▶ _Task goal_
None of the pictures should appear; the lines from the line containing "attachment夏秋販売会 in gallery" through the last line of the listing must be repeated exactly.

▶ _Recorded information_

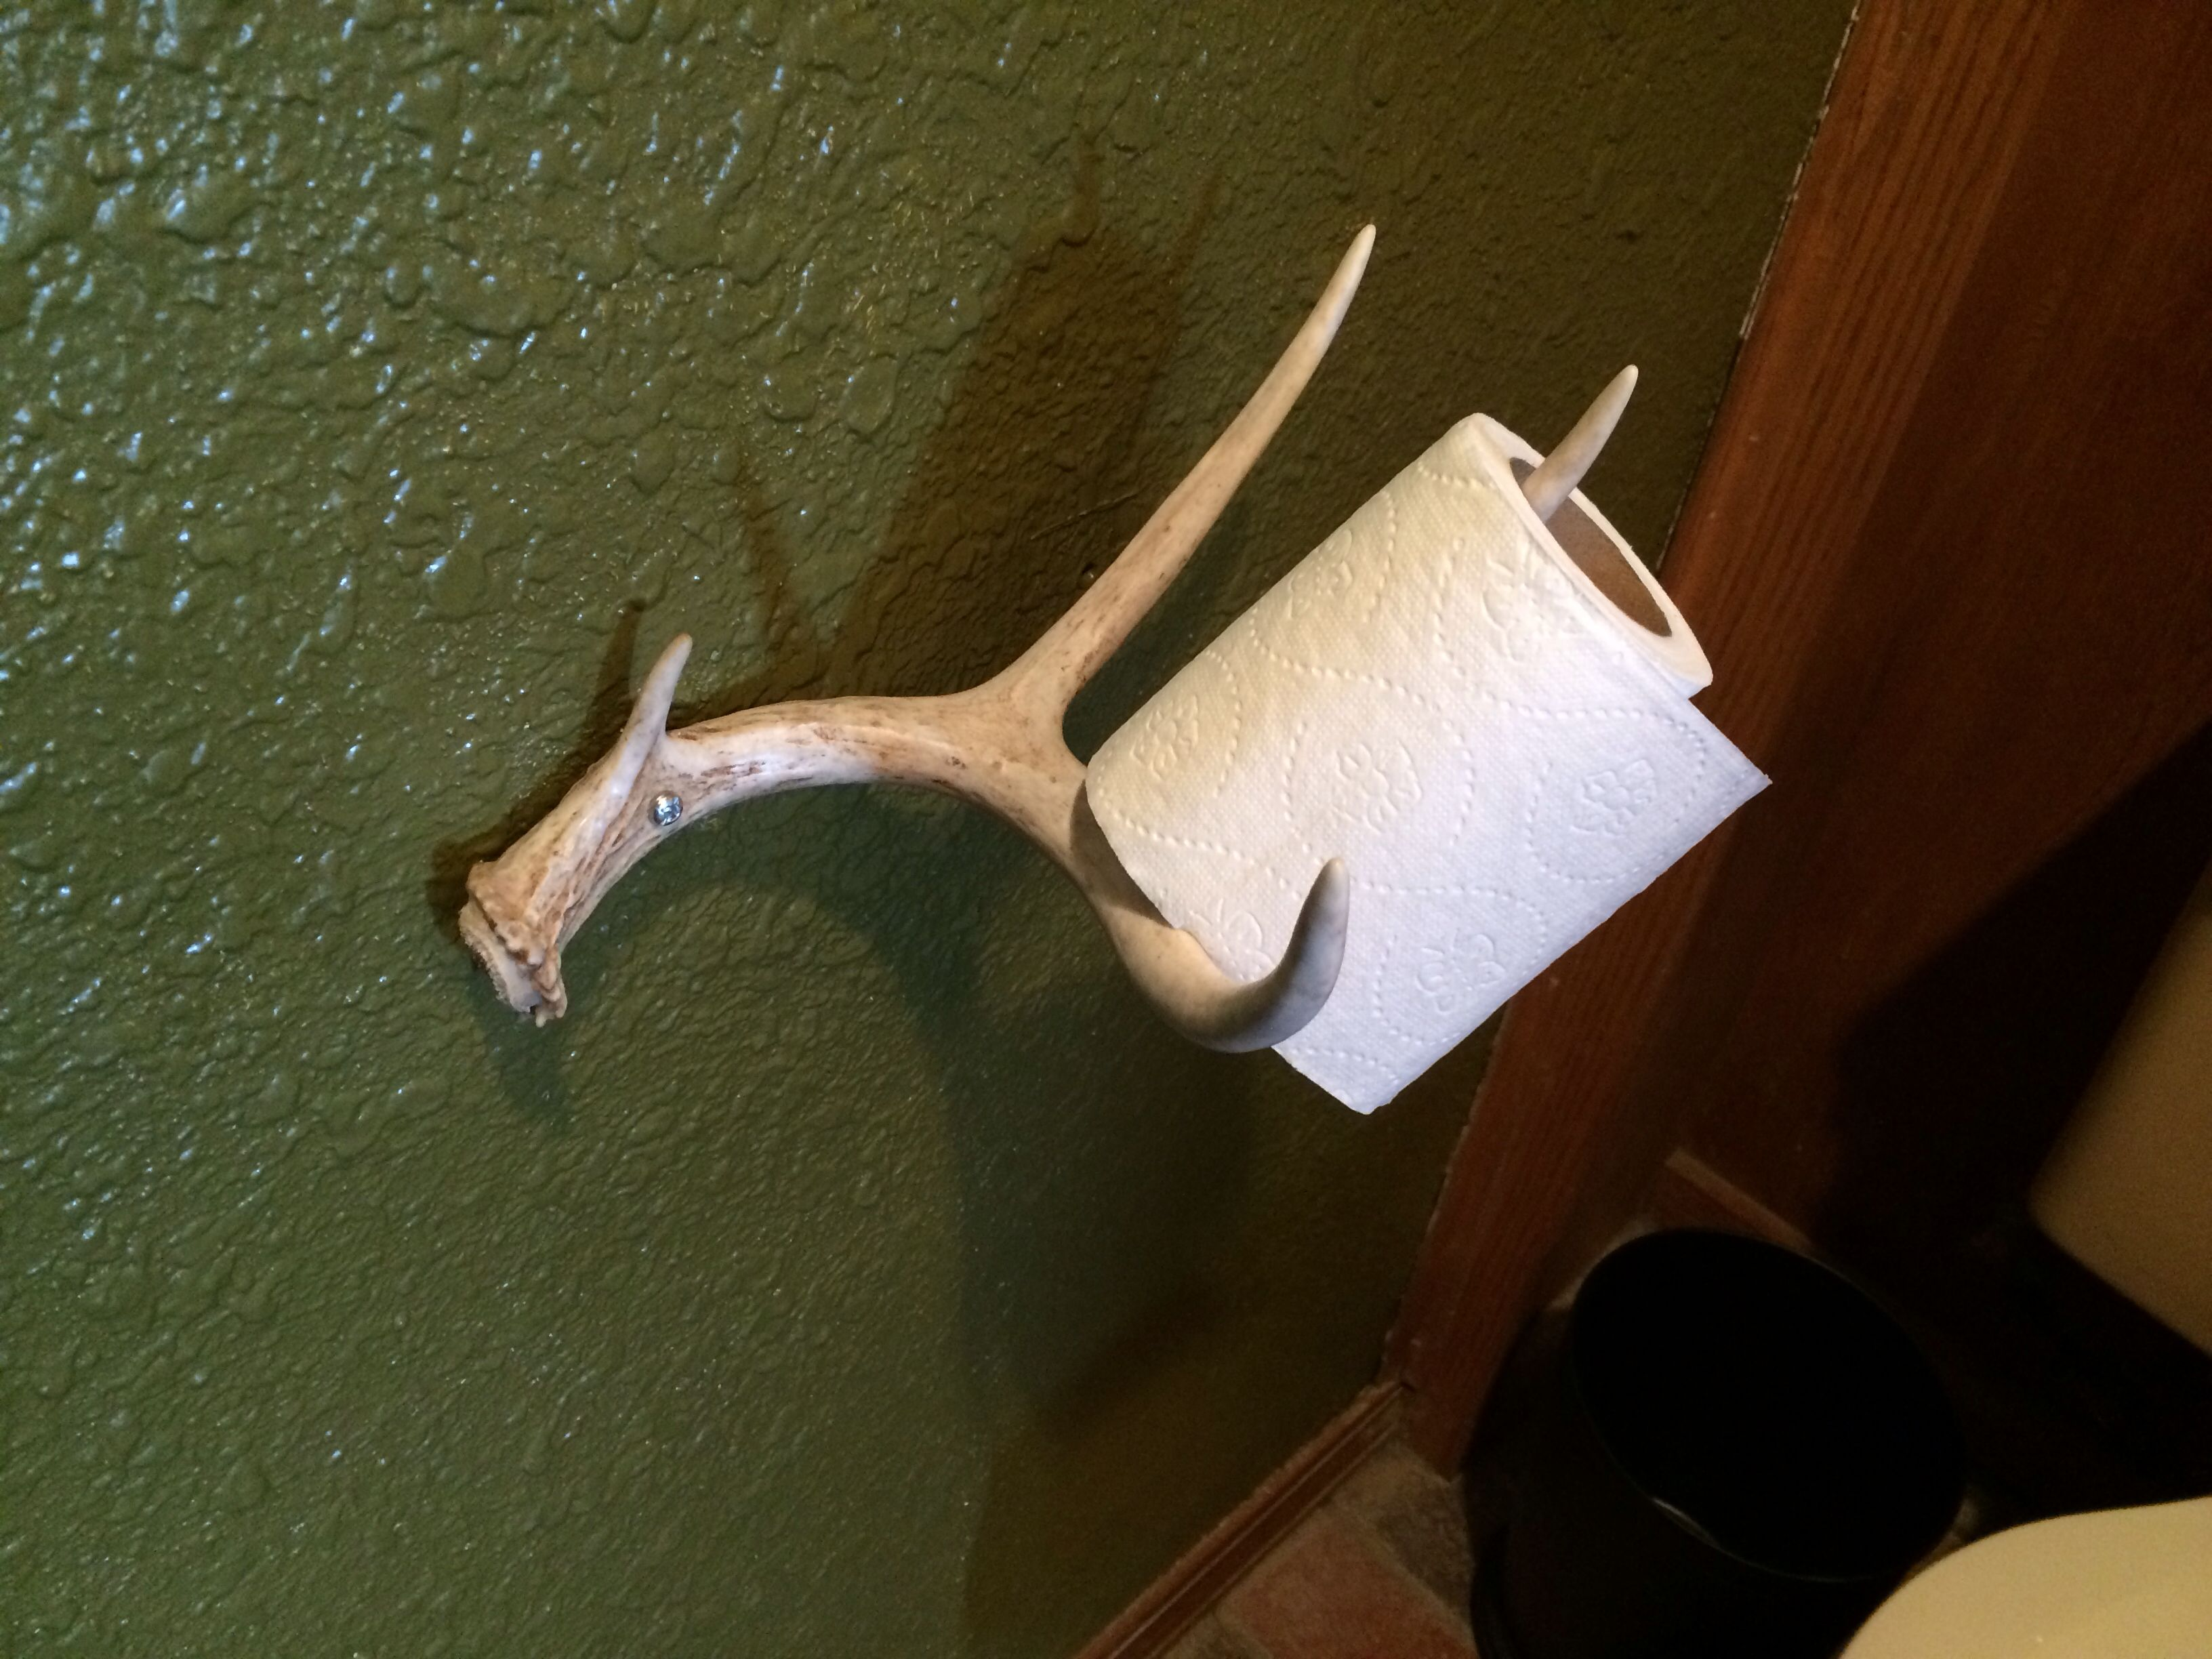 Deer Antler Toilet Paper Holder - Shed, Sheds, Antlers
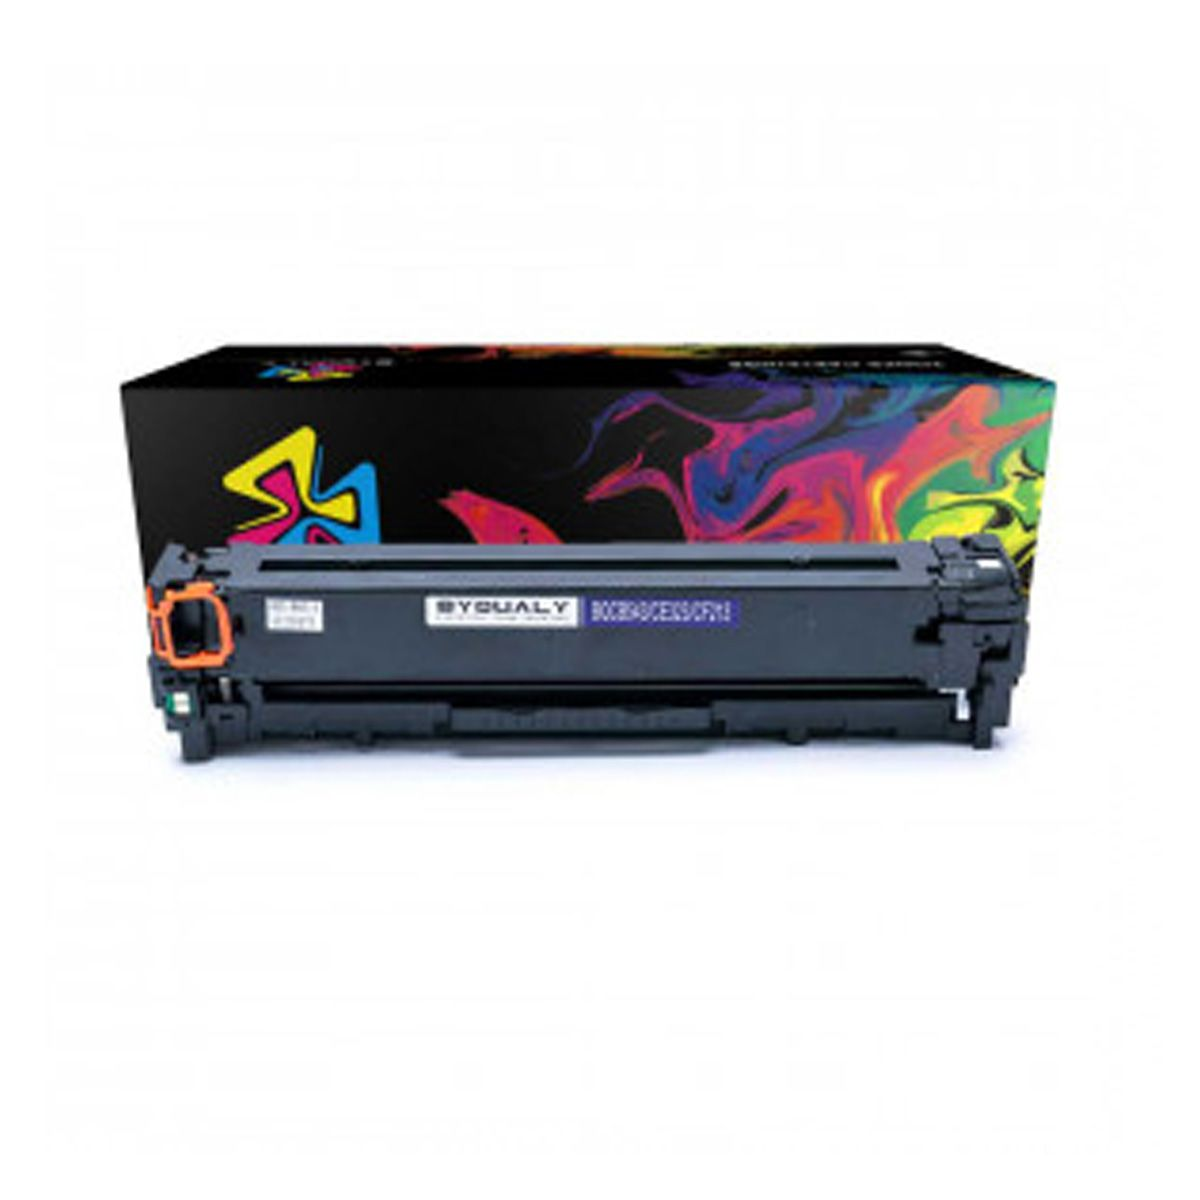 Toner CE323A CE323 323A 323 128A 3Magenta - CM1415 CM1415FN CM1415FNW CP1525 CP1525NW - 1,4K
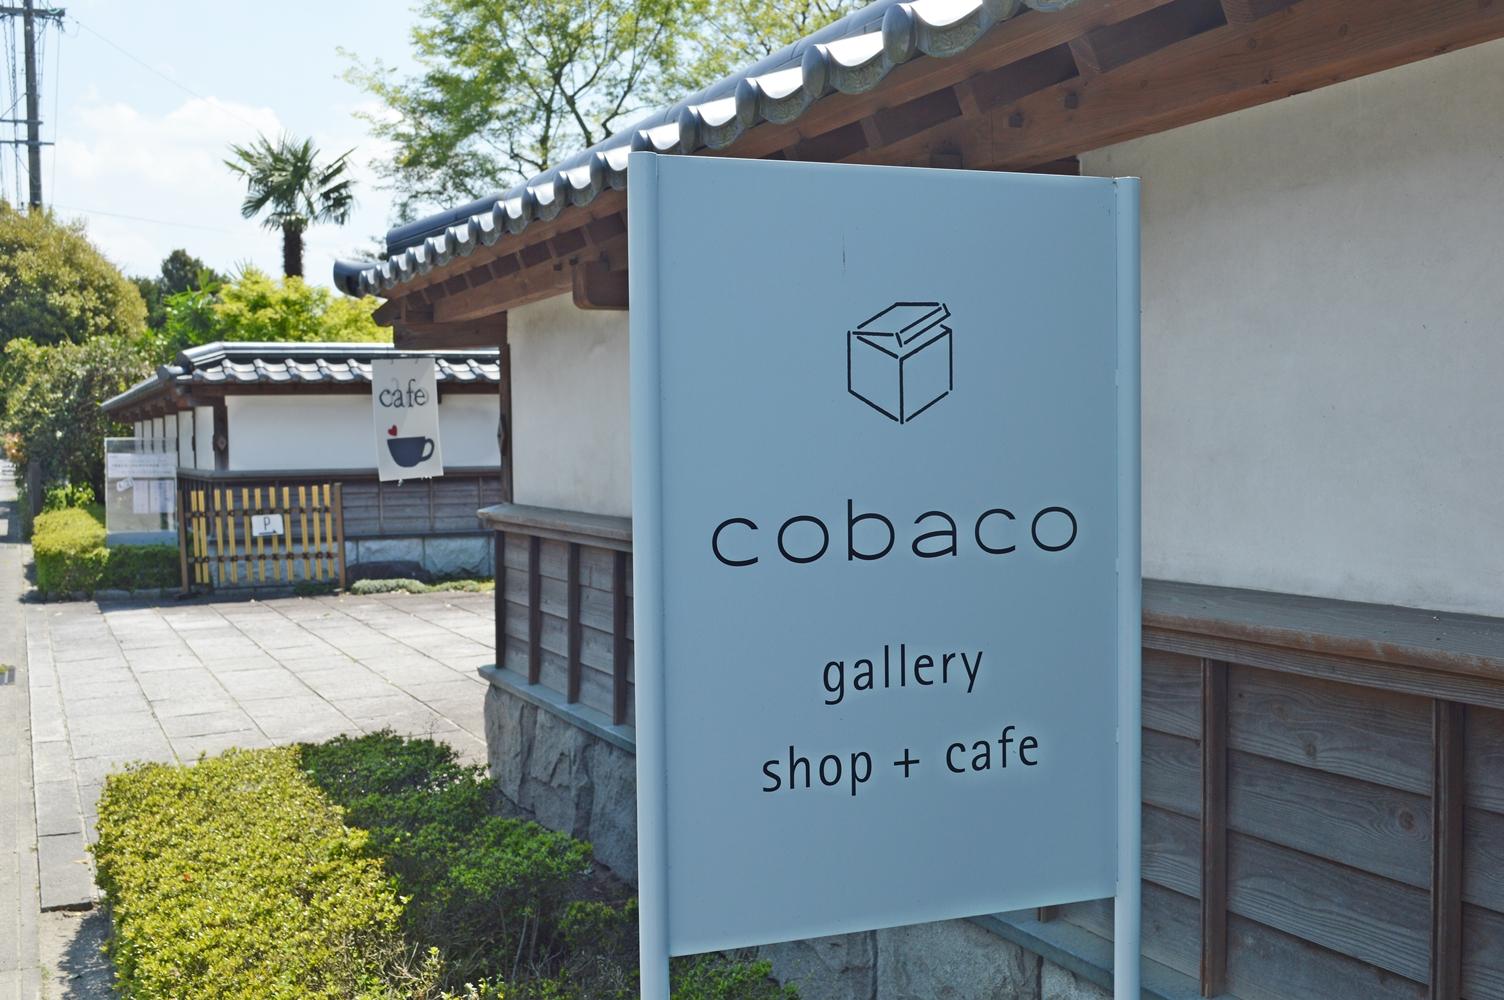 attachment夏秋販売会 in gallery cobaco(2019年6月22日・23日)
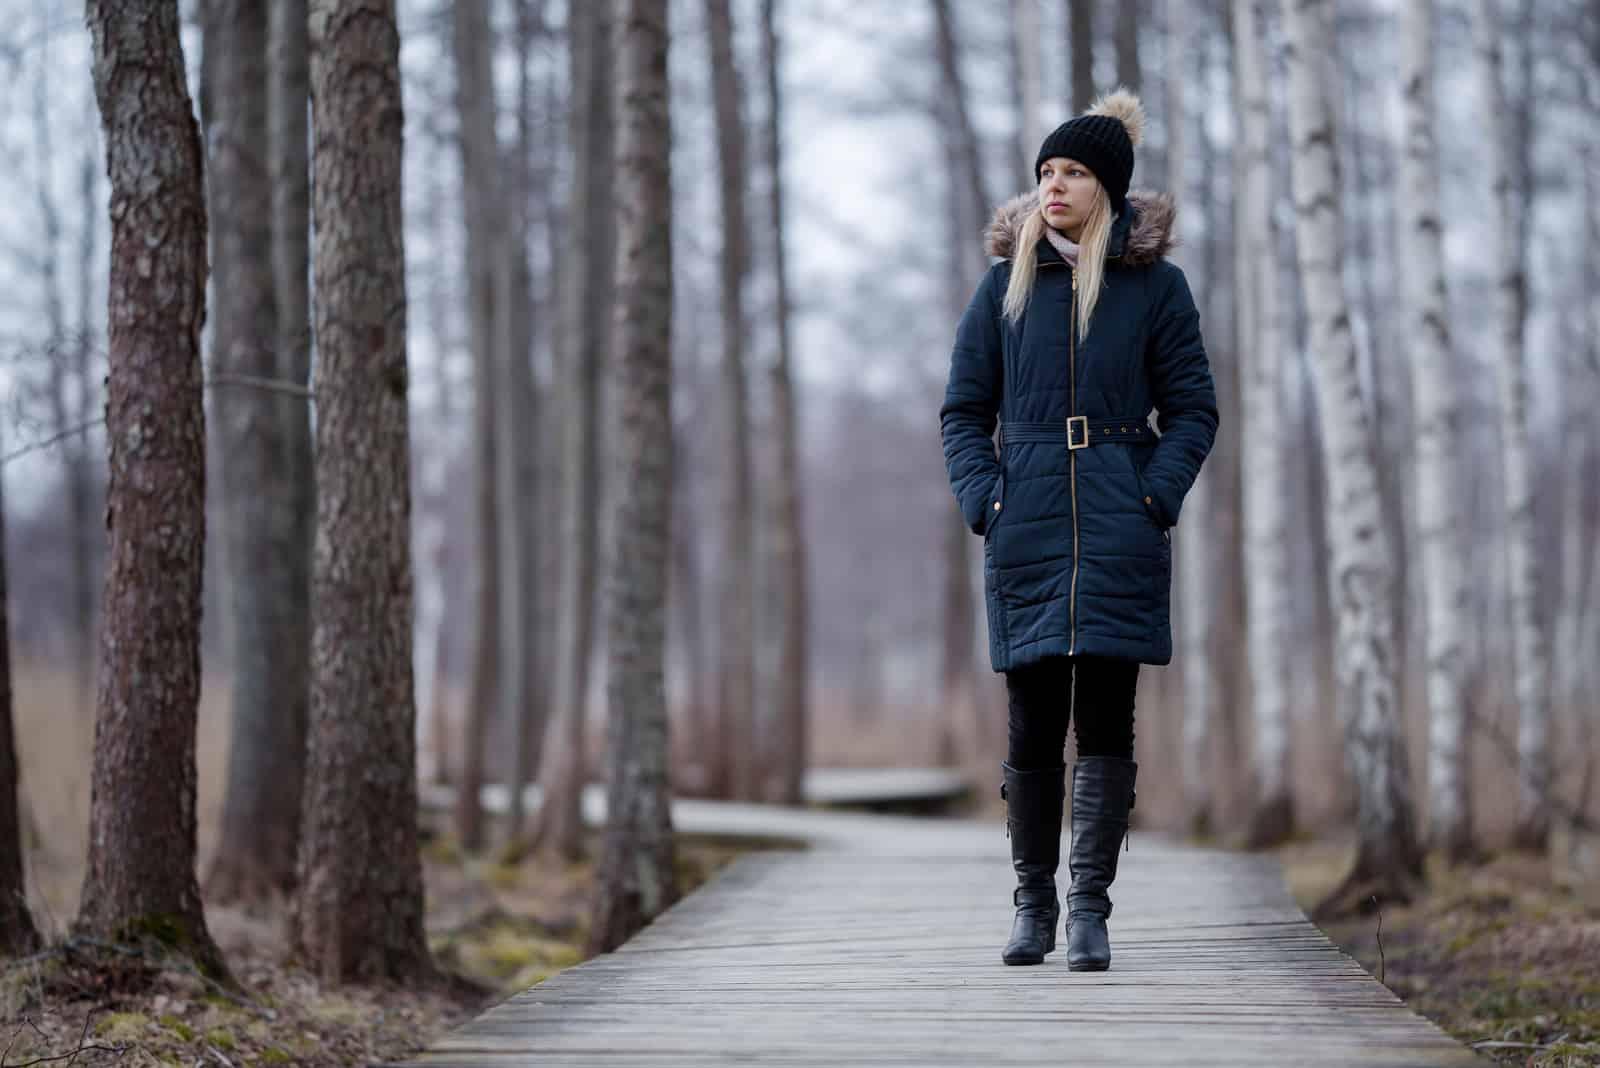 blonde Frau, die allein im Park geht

▶ _The answer_
 attachment夏秋販売会 in gallery cobaco(2019年6月22日・23日)
 blonde Frau, die allein im Park geht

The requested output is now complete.